A pizza with egg cracked on the top a soon as it leaves the oven.

Our Best Pizza: Smoked Swordfish and Onion

Pizza.

You have an image, don’t you?

I write the word and a picture appears in your mind. Perhaps it is the family favorite from your childhood, or a special pizza you had with your sweetie. It’s one of those foods that is truly universal and whose origin is relatively well understood.

(On universality: I will buy a pizza for the first reader who can find a city on the planet with more than 500,000 people that doesn’t have a pizzeria. Yes, even in China. I’ve been thinking hard about this. In the US, I shrink that number to 20,000.)

You may know that pizza really started in Naples (The Romans may not be trustworthy on the subject of pizza history.), and that it took over Italy before it conquered the world.  In taking over Italy, though, pizza developed some highly regional specializations. We’ve been eating some, because there is no way for two people to try them all in the time we have here.

The white pizza menu at L'Oca Bianca in Cagliari, Italy.

A portion of the white side of the pizza menu at L’Oca Bianca in Cagliari. Try one at home. Serve the Nutella for Valentines Day!

A note on strategy: we’ve been ordering two pizzas each time. We always order one of the simplest, a Margarita for example, with only pomodoro and mozzerela, which we compare to the undisputed home of pizza in Naples, Da Michelle. The other pizza is always something more grand and regional.

Our favorite?

We had it at L’Oca Bianca (The White Goose) in the Marina District of Cagliari on Sardinia.

One aspect of L’Oca Bianca that makes the restaurant unusual is that half its pizza menu is based in white sauce rather than the standard pomodoro. The “white sauce” isn’t just one thing. Sometimes it’s garlic and olive oil. Other times it’s a (Shhh!) French béchamel. They serve a nutella pizza for dessert.

Our favorite was the Oca Bianca, the house specialty. The white “sauce” is a bed of cooked-to-the-point-of-sweet onions. I am not sure how they did that. When I soften onions in a pan for a long time they tend to go a carmely brown. These were as pale as my skin. Culinary trickery!

The dough was thinner and had a greater circumference that most other pizza’s we’ve had, and the crust had more of a toast to it than the typical searing that pizzas get in Italian wood ovens.

Atop the bed of onions was a lovely mozzarella and thinly sliced, richly smoked swordfish.

Yahoo! Smoked swordfish! What a flavor! “Bacon of the sea!” I shout, “Bacon of the sea!

Sprinkled gently over the whole surface was a finely ground red pepper that gave the combination a gentle lift.

Oca Bianca pizza with soft white onion, mozzarella, smoked swordfish, and a sprinkle of red pepper.
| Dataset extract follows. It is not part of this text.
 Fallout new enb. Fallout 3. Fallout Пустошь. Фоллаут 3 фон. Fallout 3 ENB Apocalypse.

The Oca Bianca pizza seems simple: crust, soft white onion, mozzarella, smoked swordfish, and a sprinkle of red pepper. Wondrous! Splendid!
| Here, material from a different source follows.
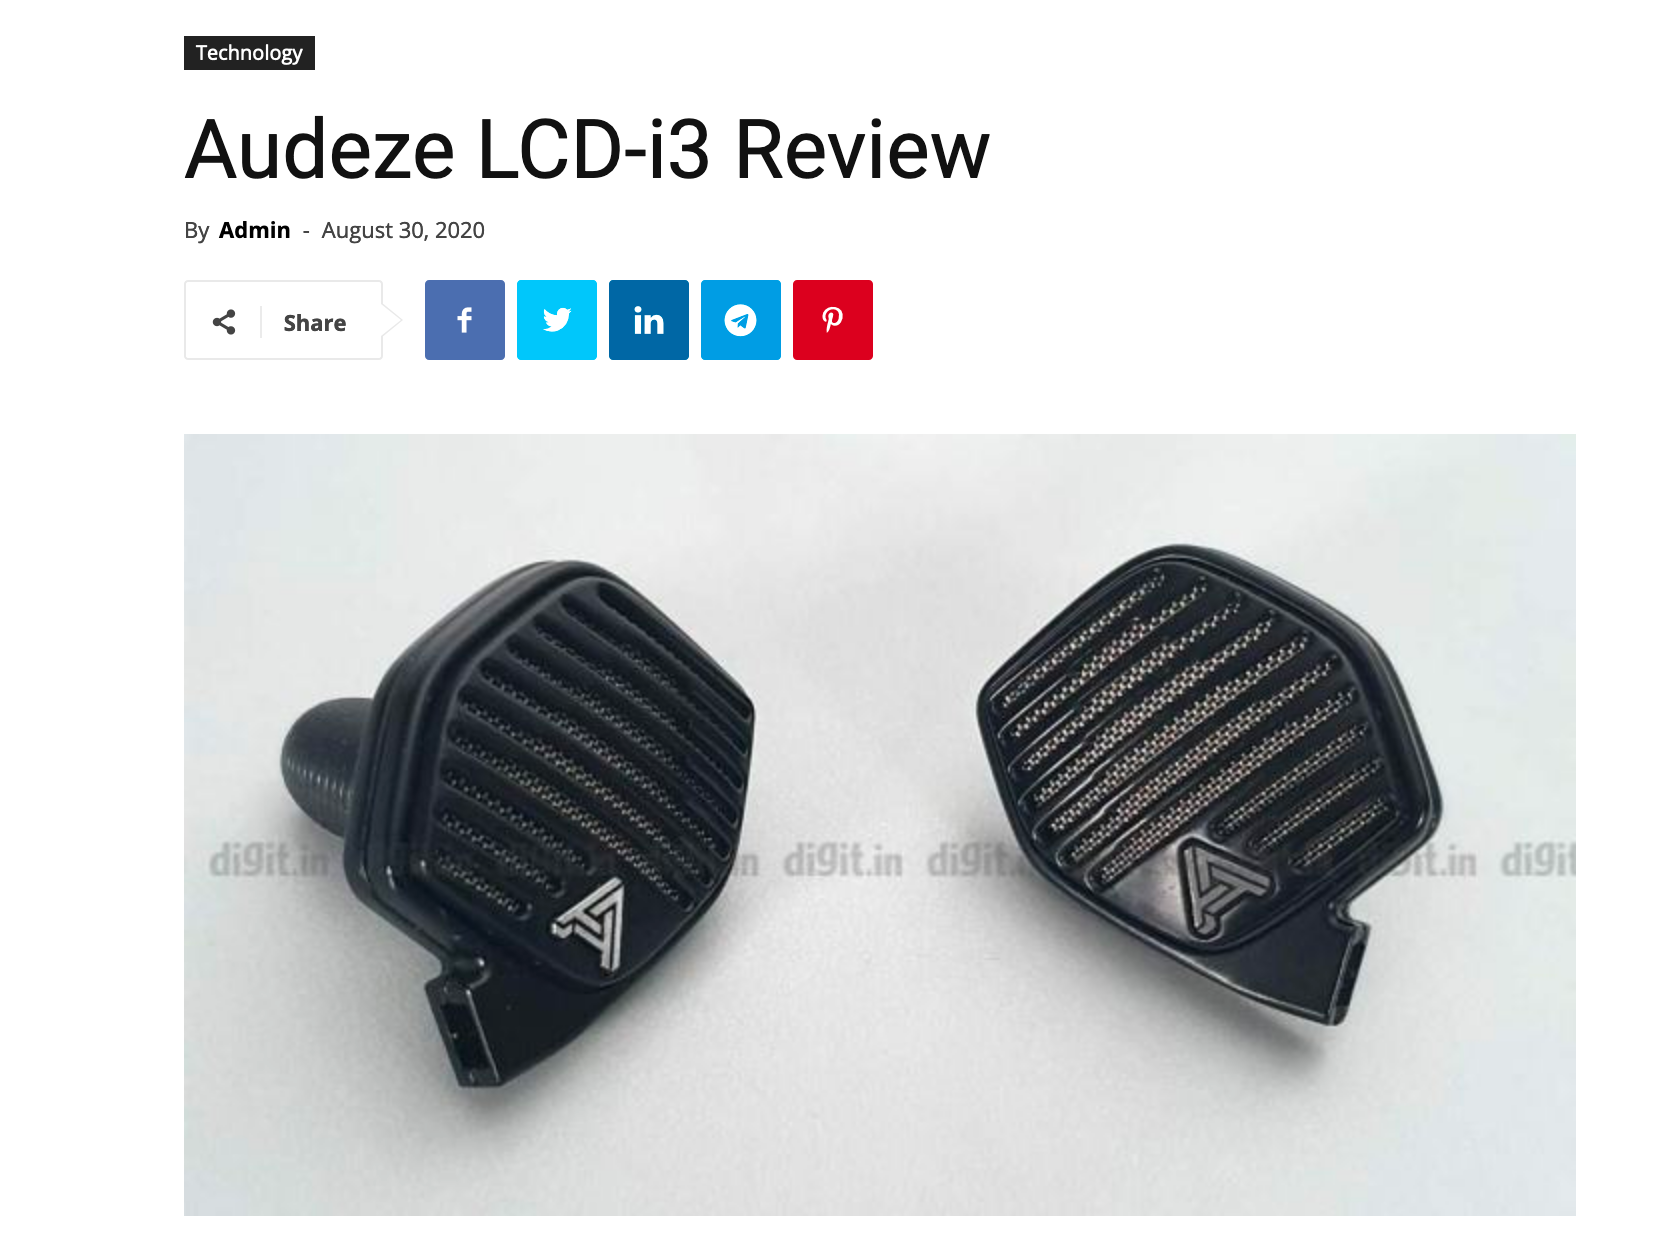 New World J Reviews the Audeze LCDi3

It was a smashing good pizza. Like none we’ve ever had before.

(Here’s a secret wish: I have a friend, a colleague—a German living in the United States—who has engineered a wood-fired oven in his back yard. He’s the only person I know personally with a wood fired oven. I hope he reads this—and the list of ingredients—and spends the next year experimenting.)